ひとしきり喚き散らしてタカシが静かになったところで、前方に何かの影が見えてくる。魔大陸ではない。魔大陸はそれ以前から見えていたからだ。もっと黒い雲で大陸全体が覆われているかと思っていたが、案外普通の大陸っぽいので、逆に驚いた。
そうではなく、俺たちの前方に現れたのは人影だ。空だと言うのに、人影が宙に浮いている。まあ、魔大陸なら十中八九魔族なんだろうけど。
さて、どうしたものか。とシンヤと顔を見合わせる。俺の手の中にはタカシがいるので、戦闘は避けたいところだ。ここは二手に分かれて煙に巻くかな? でもそうなると前方の人影にこっちが追いかけ回されるパターンが思い付いちゃうんだよなあ。などと思案していると、前方の人影から声を掛けられた。
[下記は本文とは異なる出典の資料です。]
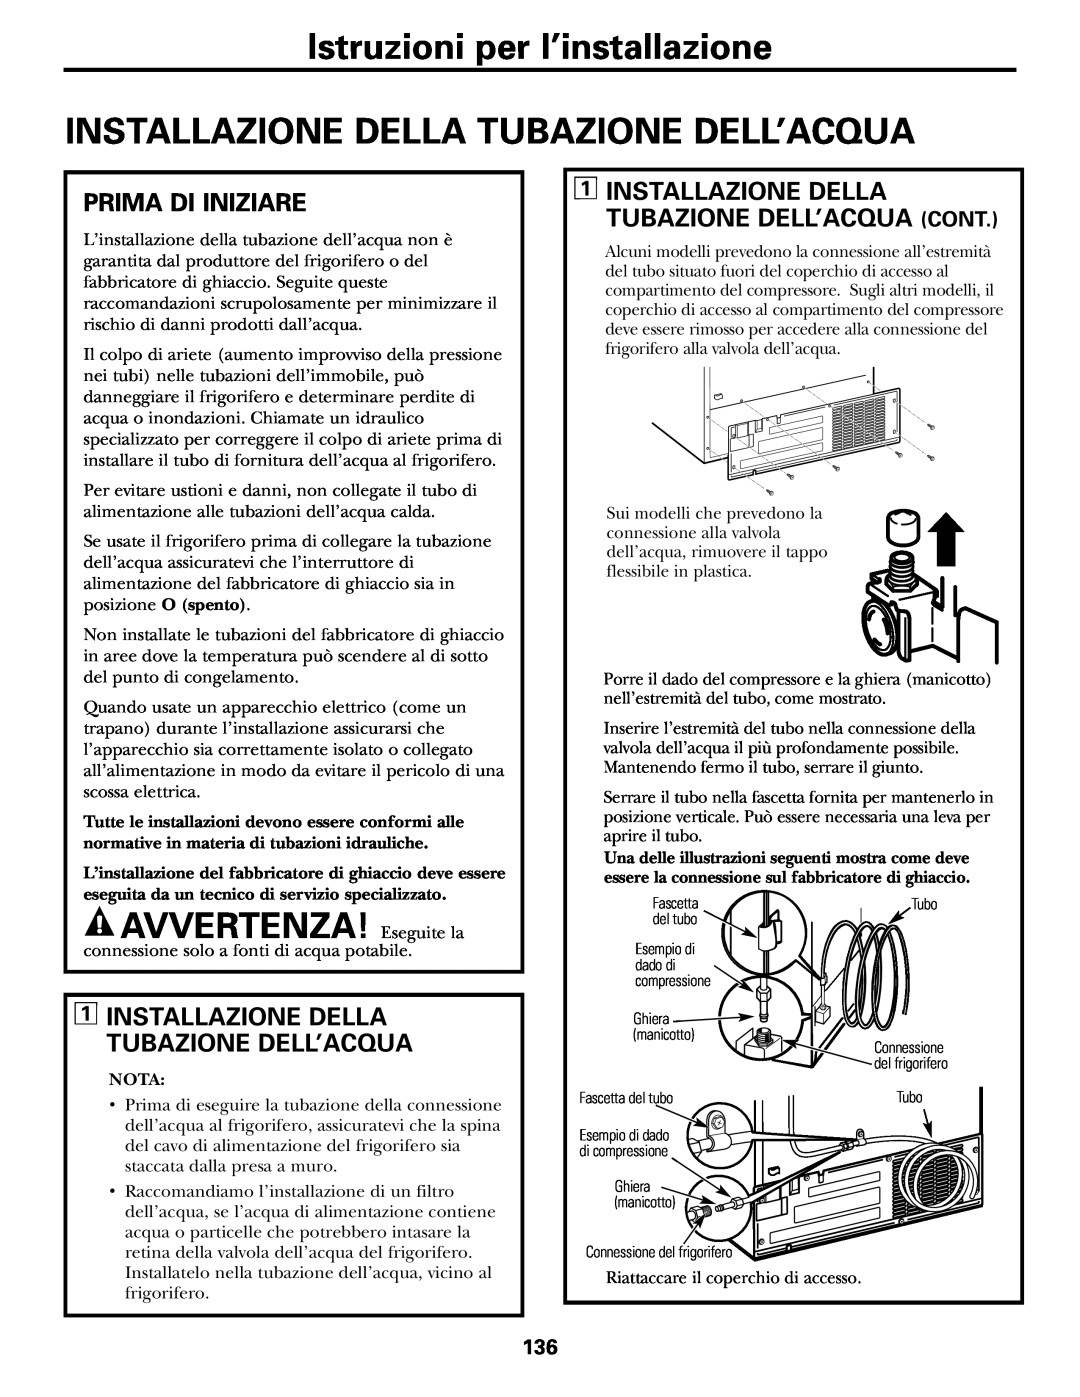 GE 200D2600P031 operating instructions Installazione Della Tubazione Dell’Acqua, AVVERTENZA! Eseguite la, Prima Di Iniziare

「遠路はるばるようこそおいでくださいました。魔王様はお三名様の訪問を心より歓迎なさっておいでです」
やんわりとした女性の声だった。速度を落とし、ゆっくりと人影に近付いていくと、その風貌が見て取れた。黒いローブに黒いマント、頭には三角帽子。眼鏡を掛けた黒髪三つ編みの女性で、ほうきの上に直立している。
「私は案内を務めさせて頂きます、魔女のロコモコと申します」
いやはやなんともクラシカルな魔女もいたものだ。そして魔族じゃなかった。そして名前が美味しそうだ。